The covariateSettings object for constructing the text representaton covariates over a cohort are created using the createTritonCovariateSettings() function.
Observation window - Text representations are created over an observation window, which is defined by the startDay and endDay relative to the cohort index date.
Preprocessing - Preprocessing of the note text is done passing by passing a function(pipe_preprocess_function) that takes a unprocessed string as input and outputs a processed string (example: base::tolower).
Tokenization - A tokenizer function has to be provided (pipe_tokenizer_function) that takes a string as input and outputs a list of tokens (example: stringi::stri_split_boundaries or tokenizers::tokenize_words). For simplicity the tokenizer functions of quanteda are implemented within TRITON and can be used by passing the string "word" (for other options see quanteda docs).

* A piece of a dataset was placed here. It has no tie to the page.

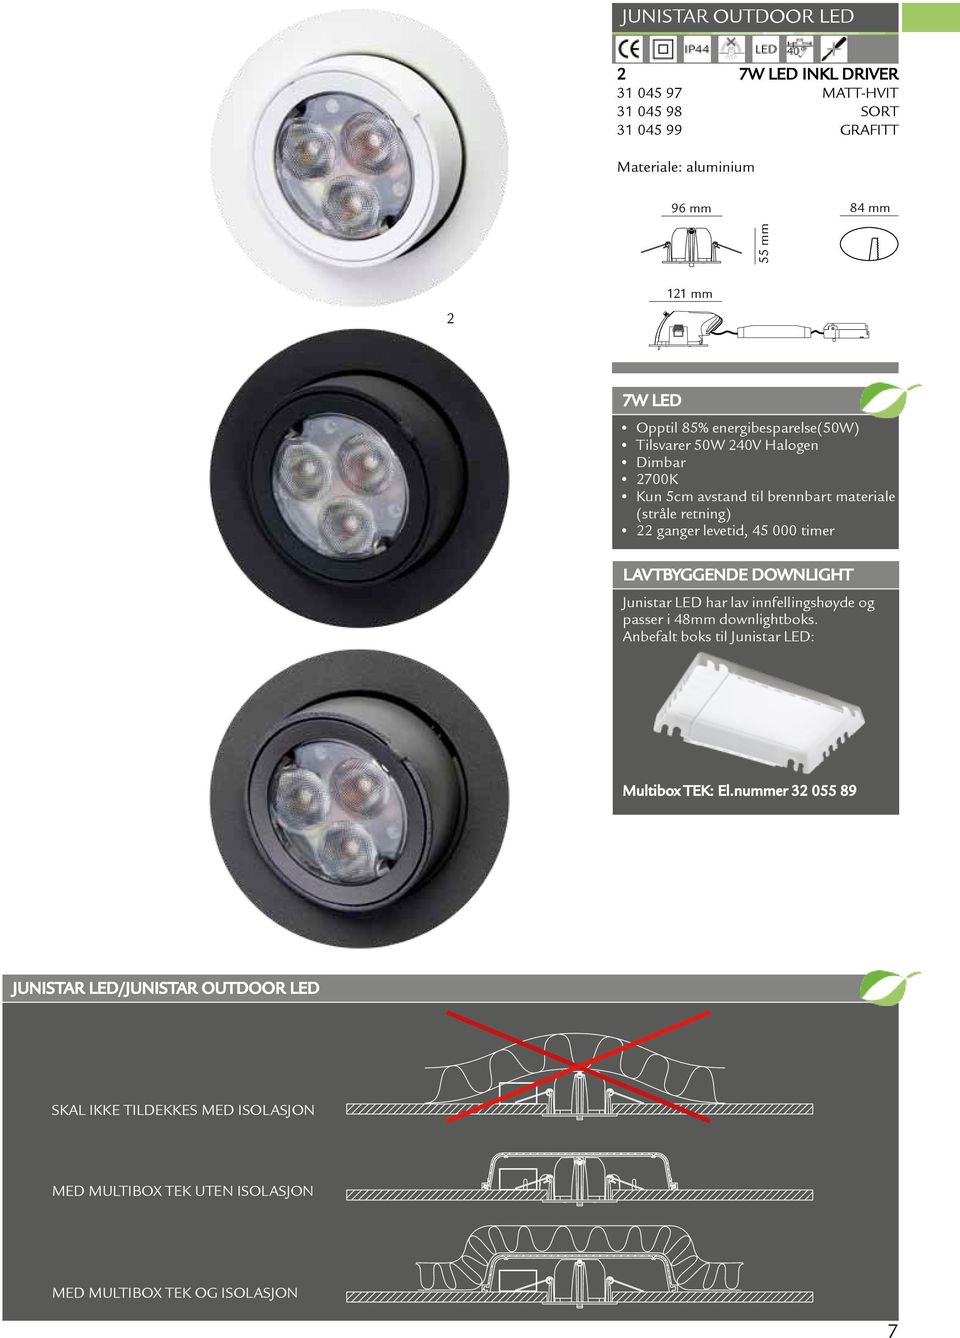 45 000 timer LavTbyggende downlight Junistar LED har lav innfellingshøyde og passer i 48mm downlightboks.

Stopwords - A list of terms can be provided (filter_stopwords) that will be removed from the tokenized text. Often stopwords are removed, which do not add much meaning to a sentence (example: stopwords::stopwords("en")). Note that choice of stopwords is language dependent.
Pruning - Pruning can be used to reduce the size of the vocabulary (the set of distinct terms in all the documents), by removing terms that occur very often or very little. Terms can be pruned based on their term frequency (occurence count) and document frequency (document count in which the term occurs). A maximimum and minimum can be provided for the term and document frequency (filter_term_count_min, filter_term_count_max, filter_doc_count_min, filter_doc_count_max). It is also possible to provide a maximum and minimum proportion for the doc frequency (example: filter_doc_proportion_max = 0.5, the term may occur in at most half of the documents).

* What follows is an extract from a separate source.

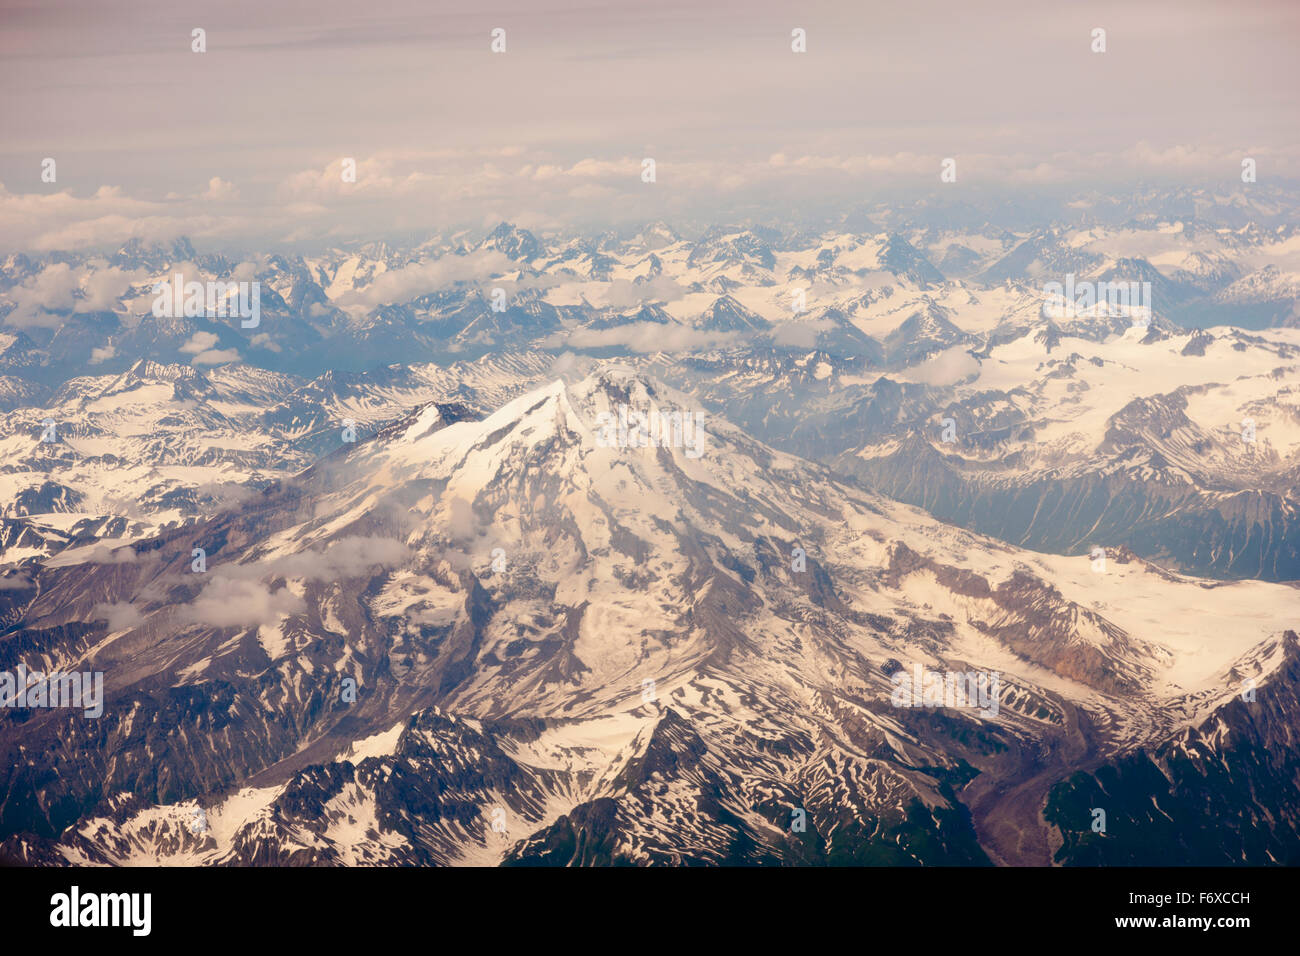 Luftaufnahme von Schnee bedeckten Mount Iliamna und die umliegenden Berge der Aleutenkette, Alaska-Halbinsel, südwestlichen Alaska, USA, Sommer Stockfoto

Text Represenation - One or more text representations to be constructed and combined into the same covariateData object. Bag-of-Words representations are currently BoW_bin
for the binary term occurance, BoW_freq
for the term frequency, and BoW_tfidf
for the term frequency–inverse document frequency, a seperate covariate is created for each term.
A topic model (TopicModel_lsa
,TopicModel_lda
) can be trained or an existing topic model can be loaded to use the topic posterior probabilities as text representations.
An existing embedding can be used to create aggregated, averaged (WordEmb_avg
) or summed (WordEmb_sum
), word embedding representations.
This example creates covariateSettings for constructing TFIDF uni- and bigram covariates over a observation window of 30 days before the cohort index date. The raw note text is preprocessed by coversion to lowercase and word tokens are created using the quanteda word tokenizer, removing english stopwords. The words are pruned based on the frequency and the percentage of documents with a word.
triton_covariateSettings <- createTritonCovariateSettings(
# Observation window #
startDay = -30,
endDay = 0,
# NLP pipeline functions #
pipe_preprocess_function = tolower,
pipe_tokenizer_function = "word",
pipe_ngrams = 1:2,
# Prune the terms/vocabulary #
filter_stopwords = stopwords::stopwords("en"),
filter_term_count_min = 50,
filter_doc_proportion_max = 0.5,
filter_doc_proportion_min = 0.005,
# Specify the representations #
representations=c("BoW_tfidf"))
The R script file extras/Run_TRITON.r contains a more eleborate example.
- The default analysisId for the generated covariates is 999.
- Normaly the covariateId is the conceptId*1000 + analysisId. The text represenations do not have conceptIds so the covariateId for each covariate is a randomnumber*1000 + 999 (i.e. 1885860999).